» **DIRECTIONS**
The answer must be an exact reproduction of the lines from the start of the records below through the line containing "Filósofo en Meditación, 1632.", and nothing more.

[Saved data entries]
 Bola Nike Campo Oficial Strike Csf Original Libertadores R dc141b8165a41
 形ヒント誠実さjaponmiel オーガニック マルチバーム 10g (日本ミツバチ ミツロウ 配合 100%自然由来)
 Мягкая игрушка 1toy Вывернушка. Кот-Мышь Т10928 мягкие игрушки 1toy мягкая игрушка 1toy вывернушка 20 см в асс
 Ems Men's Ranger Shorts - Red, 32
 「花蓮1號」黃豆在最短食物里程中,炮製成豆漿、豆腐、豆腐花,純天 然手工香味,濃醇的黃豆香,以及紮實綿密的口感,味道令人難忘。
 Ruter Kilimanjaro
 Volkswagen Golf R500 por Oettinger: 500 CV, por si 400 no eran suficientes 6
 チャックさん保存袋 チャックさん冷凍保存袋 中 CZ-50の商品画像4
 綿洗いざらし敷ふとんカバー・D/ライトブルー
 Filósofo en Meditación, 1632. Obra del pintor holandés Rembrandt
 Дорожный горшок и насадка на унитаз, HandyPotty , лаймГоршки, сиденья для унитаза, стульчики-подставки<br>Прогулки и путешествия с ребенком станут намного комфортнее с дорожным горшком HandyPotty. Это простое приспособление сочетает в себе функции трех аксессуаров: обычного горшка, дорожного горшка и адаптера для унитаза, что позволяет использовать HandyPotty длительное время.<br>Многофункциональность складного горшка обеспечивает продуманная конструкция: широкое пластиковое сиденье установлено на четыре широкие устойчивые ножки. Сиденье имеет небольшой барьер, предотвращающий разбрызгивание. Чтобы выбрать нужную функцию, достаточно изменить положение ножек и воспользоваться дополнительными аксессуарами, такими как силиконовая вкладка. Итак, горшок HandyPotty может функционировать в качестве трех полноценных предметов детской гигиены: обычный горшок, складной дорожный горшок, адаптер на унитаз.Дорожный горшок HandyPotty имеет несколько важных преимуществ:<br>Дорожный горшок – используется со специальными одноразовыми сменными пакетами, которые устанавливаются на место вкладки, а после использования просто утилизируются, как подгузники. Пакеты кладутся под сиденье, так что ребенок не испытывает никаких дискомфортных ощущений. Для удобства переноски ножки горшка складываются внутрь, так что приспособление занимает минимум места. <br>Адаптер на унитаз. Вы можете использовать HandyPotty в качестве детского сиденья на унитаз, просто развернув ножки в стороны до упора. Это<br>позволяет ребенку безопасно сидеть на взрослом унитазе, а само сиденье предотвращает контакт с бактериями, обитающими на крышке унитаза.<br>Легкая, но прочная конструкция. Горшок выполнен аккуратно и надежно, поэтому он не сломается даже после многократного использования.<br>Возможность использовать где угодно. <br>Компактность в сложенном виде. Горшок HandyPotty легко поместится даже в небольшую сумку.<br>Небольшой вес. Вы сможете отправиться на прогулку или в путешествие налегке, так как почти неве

» **OUTPUT**
 Bola Nike Campo Oficial Strike Csf Original Libertadores R dc141b8165a41
 形ヒント誠実さjaponmiel オーガニック マルチバーム 10g (日本ミツバチ ミツロウ 配合 100%自然由来)
 Мягкая игрушка 1toy Вывернушка. Кот-Мышь Т10928 мягкие игрушки 1toy мягкая игрушка 1toy вывернушка 20 см в асс
 Ems Men's Ranger Shorts - Red, 32
 「花蓮1號」黃豆在最短食物里程中,炮製成豆漿、豆腐、豆腐花,純天 然手工香味,濃醇的黃豆香,以及紮實綿密的口感,味道令人難忘。
 Ruter Kilimanjaro
 Volkswagen Golf R500 por Oettinger: 500 CV, por si 400 no eran suficientes 6
 チャックさん保存袋 チャックさん冷凍保存袋 中 CZ-50の商品画像4
 綿洗いざらし敷ふとんカバー・D/ライトブルー
 Filósofo en Meditación, 1632. Obra del pintor holandés Rembrandt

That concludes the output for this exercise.